Exercise goal: Repeat every record exactly, but omit the images.

Records contained in a dataset
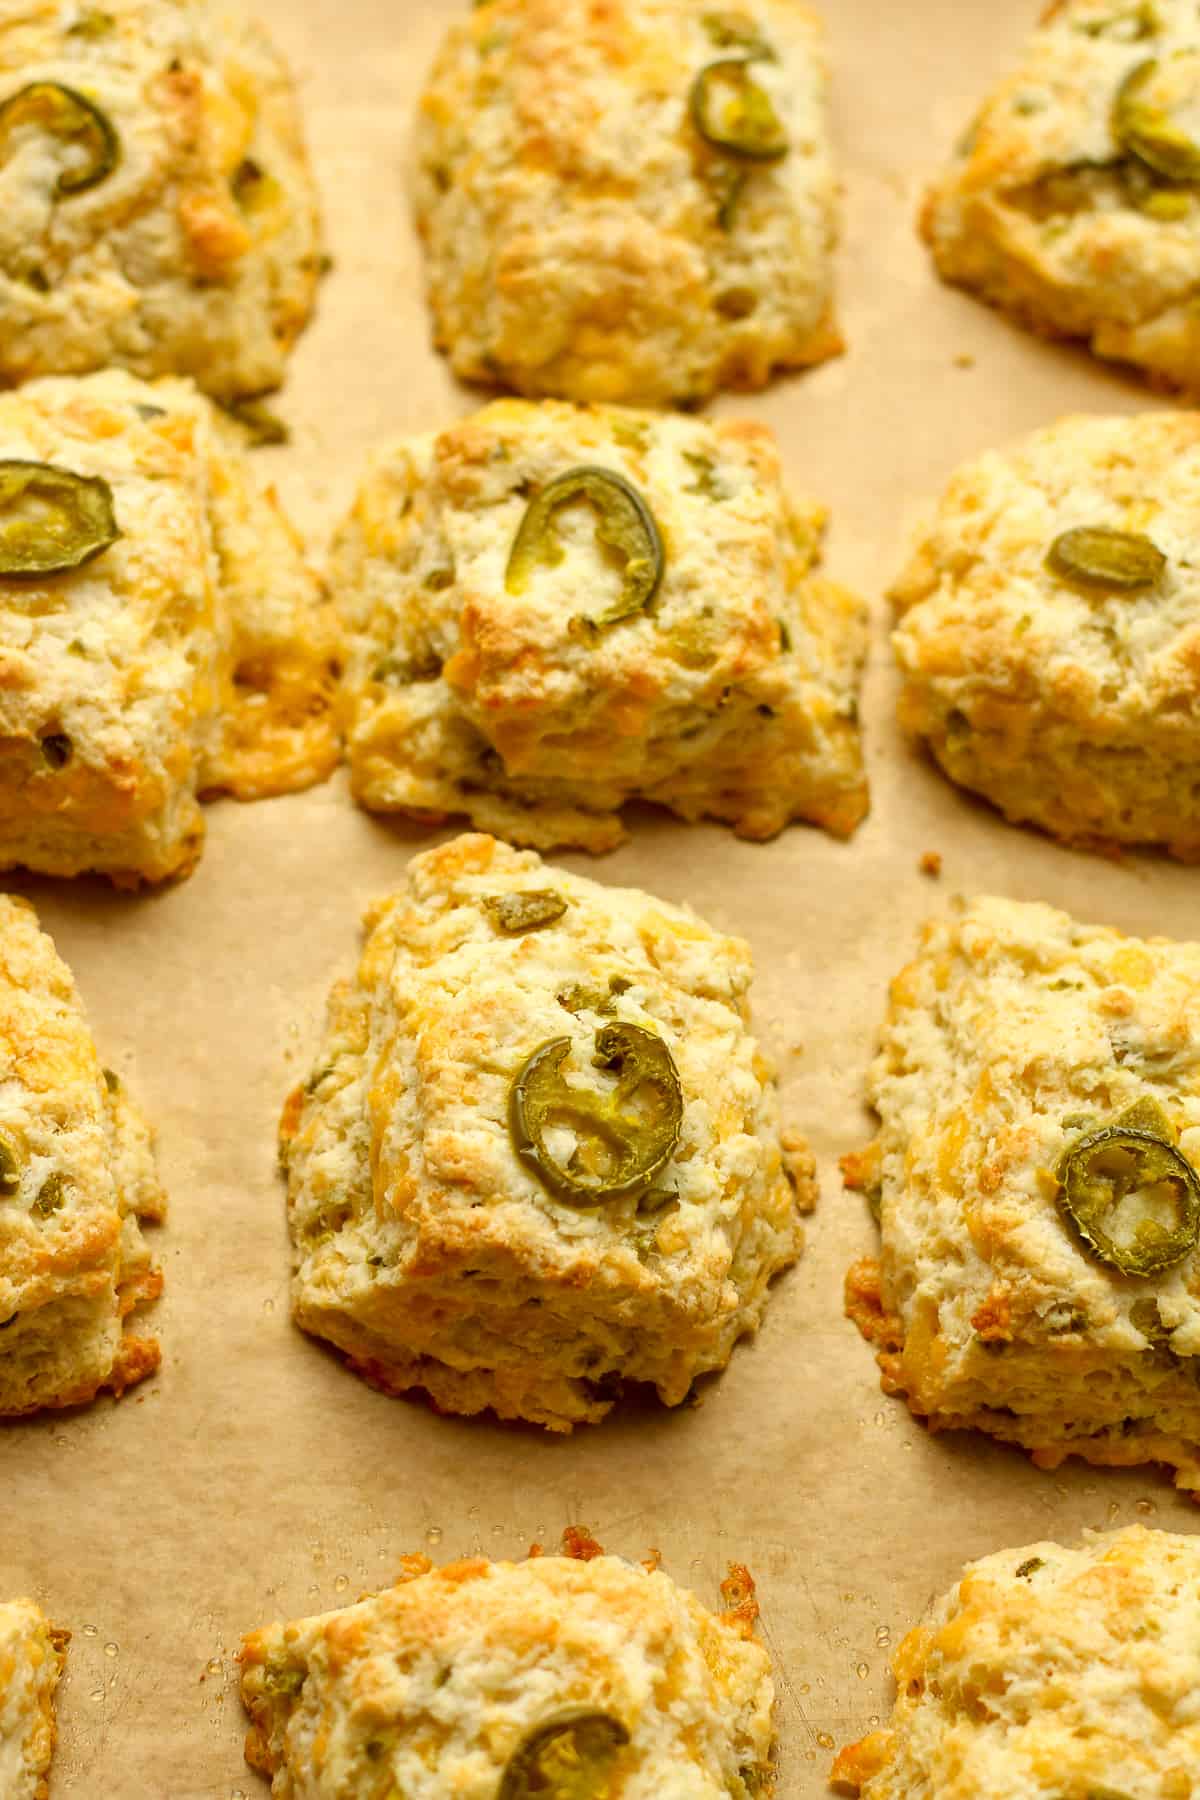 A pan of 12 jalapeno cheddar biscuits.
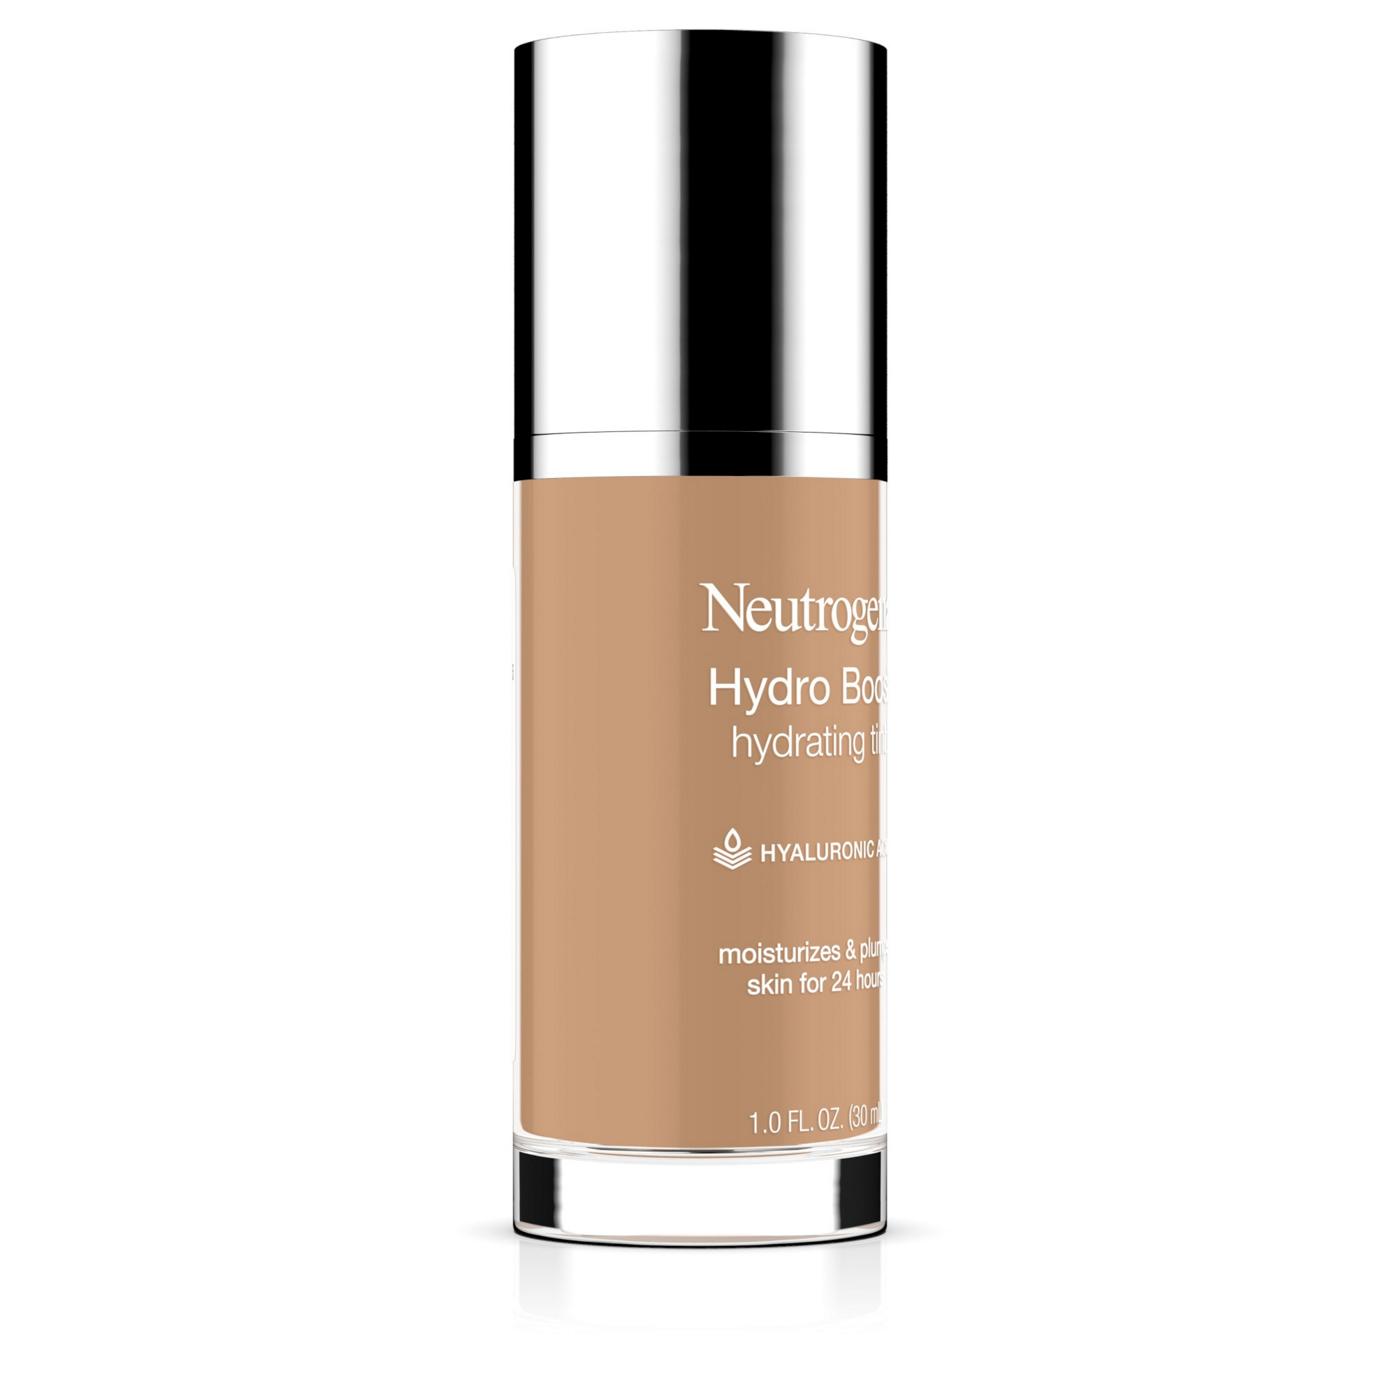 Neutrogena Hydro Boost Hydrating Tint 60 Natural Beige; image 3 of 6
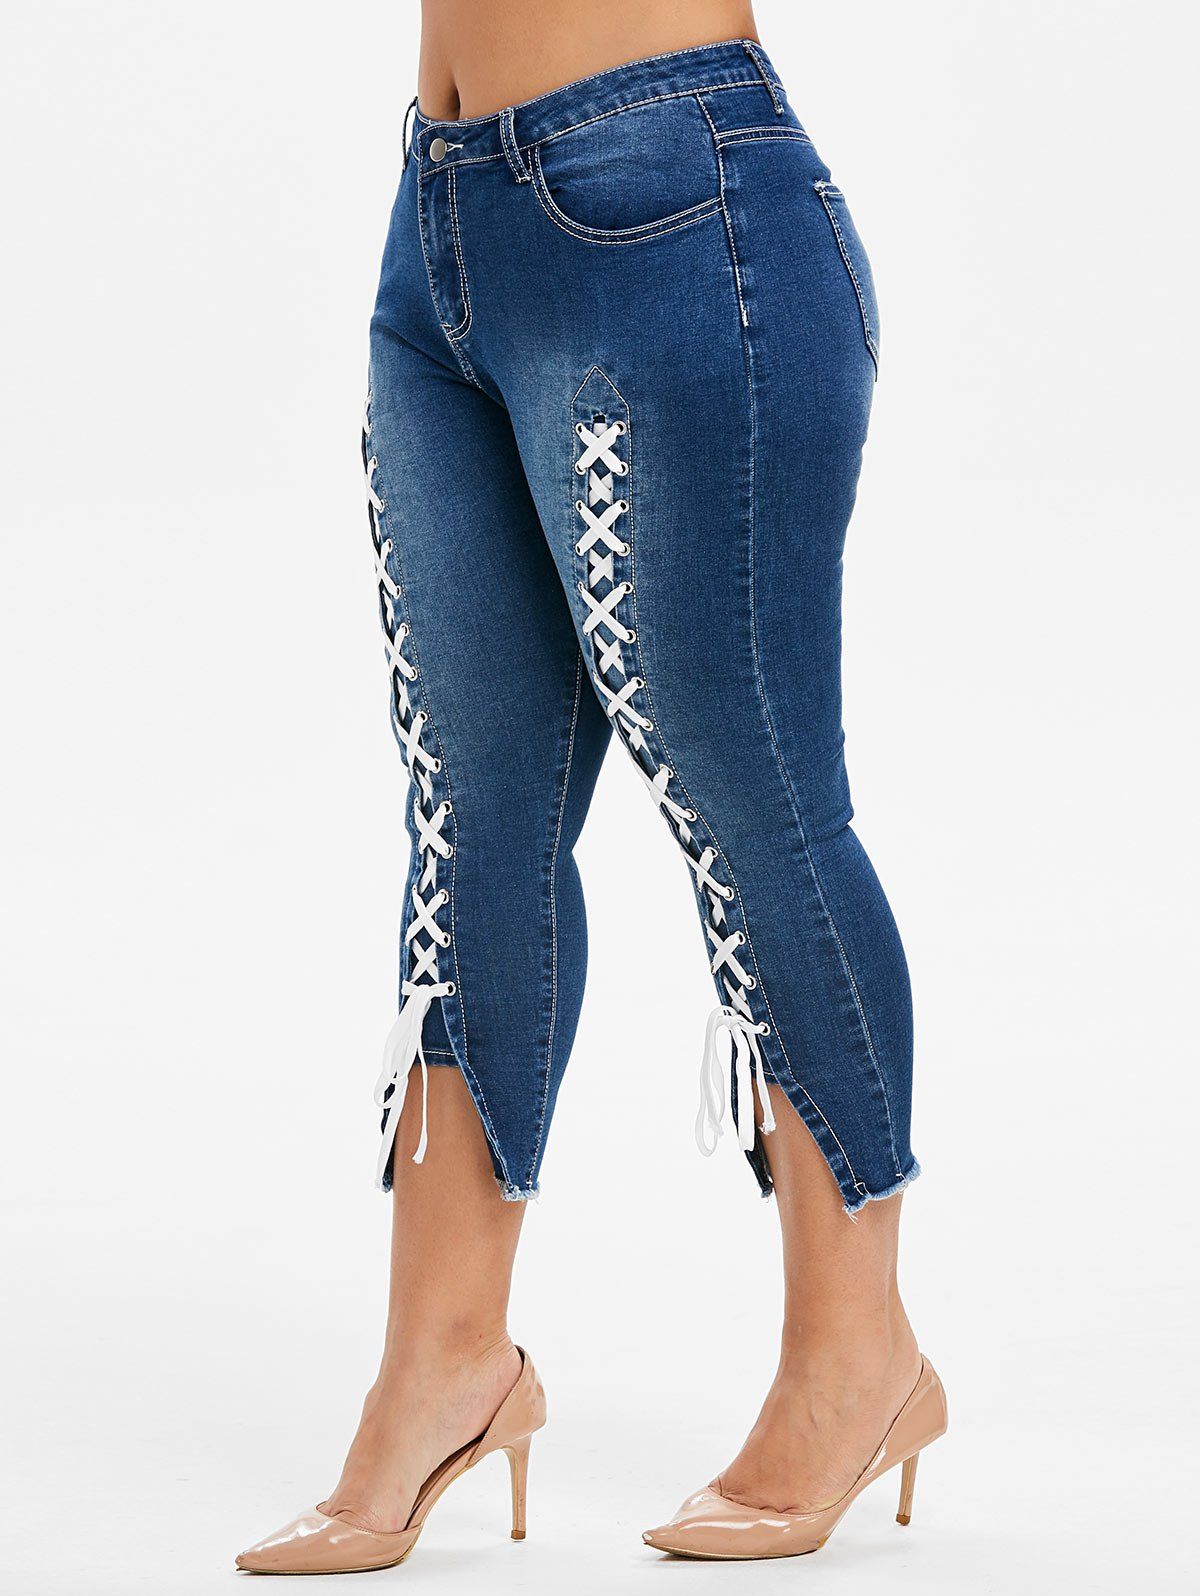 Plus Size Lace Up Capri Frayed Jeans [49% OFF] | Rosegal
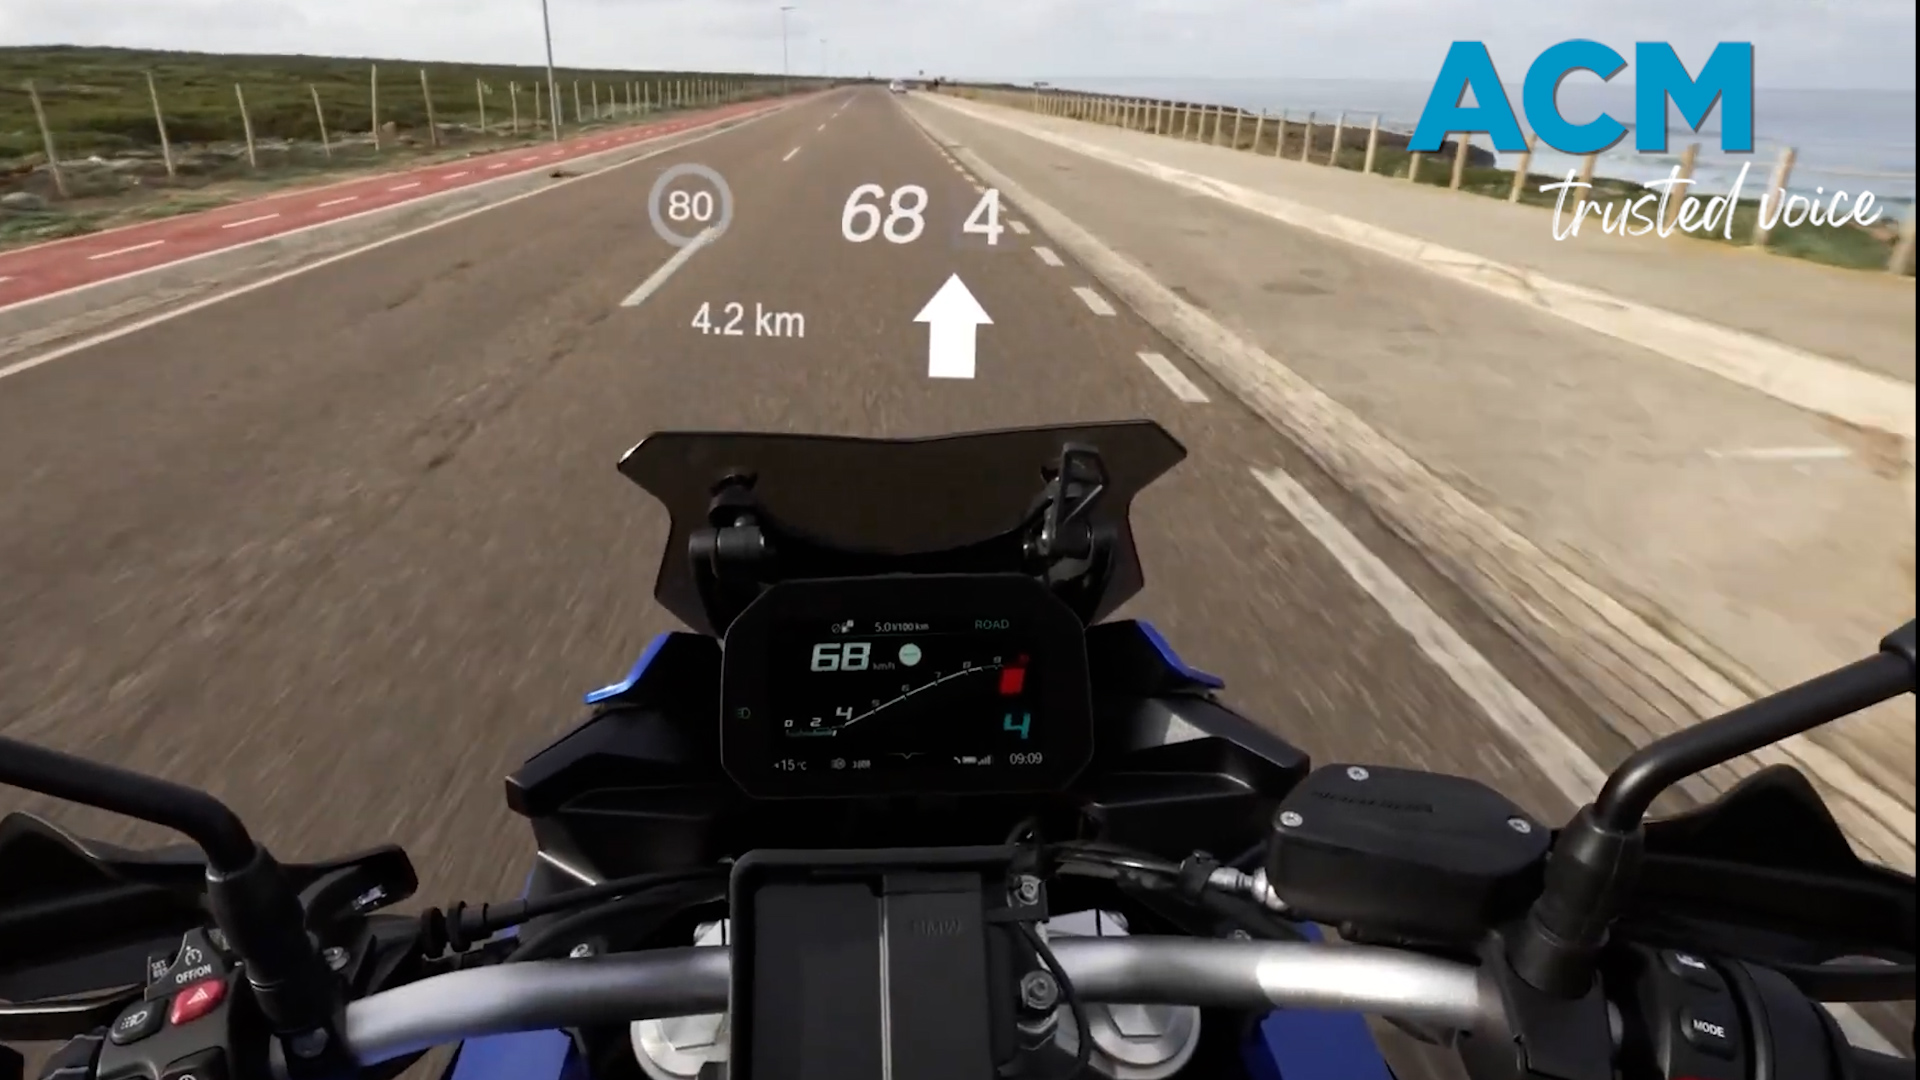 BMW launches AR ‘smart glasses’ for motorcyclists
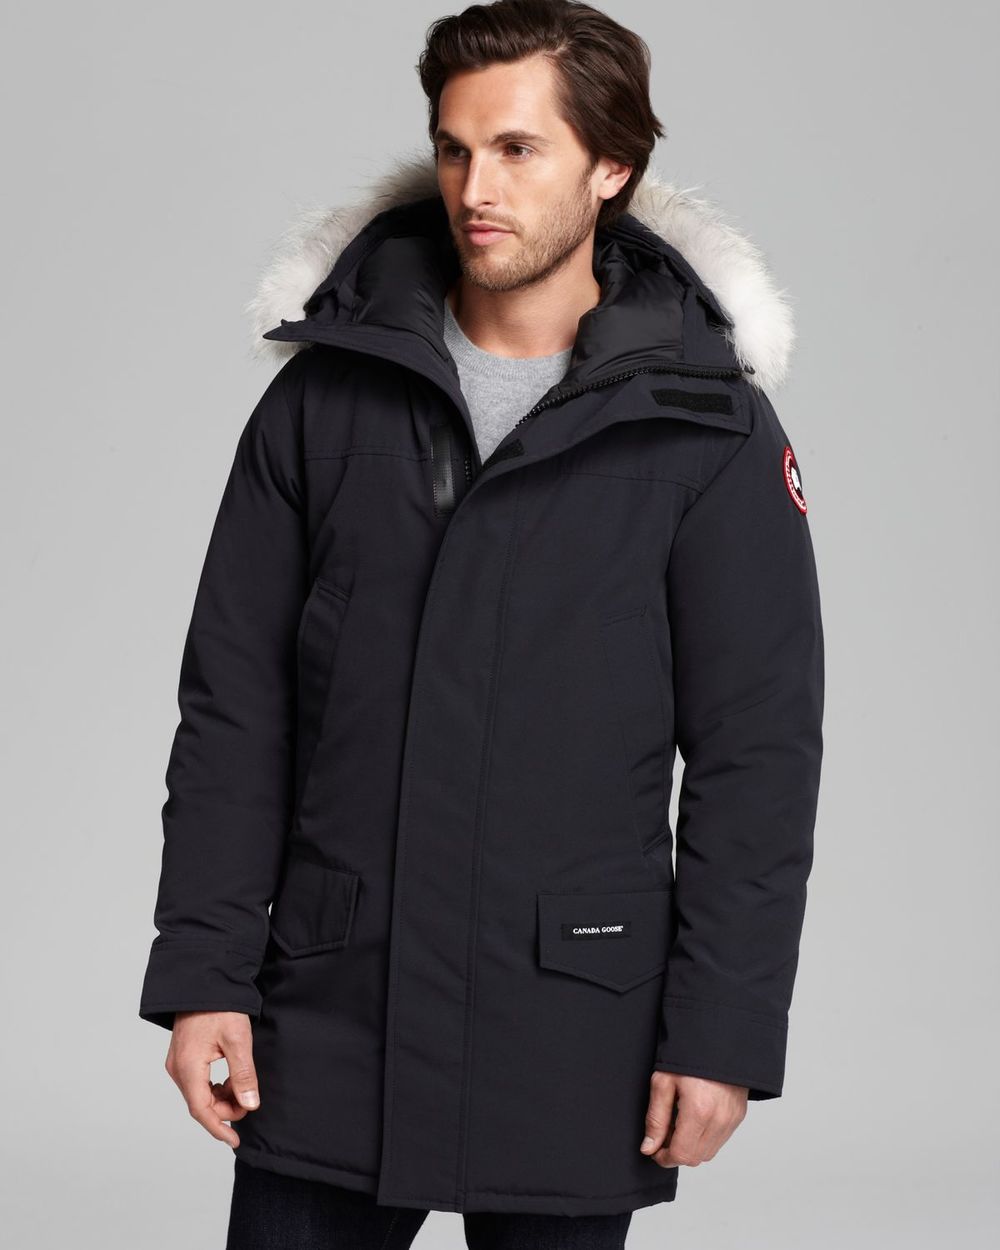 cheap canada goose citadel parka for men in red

Expected answer:
 A pan of 12 jalapeno cheddar biscuits.
 Neutrogena Hydro Boost Hydrating Tint 60 Natural Beige; image 3 of 6
 Plus Size Lace Up Capri Frayed Jeans [49% OFF] | Rosegal
 BMW launches AR ‘smart glasses’ for motorcyclists
 cheap canada goose citadel parka for men in red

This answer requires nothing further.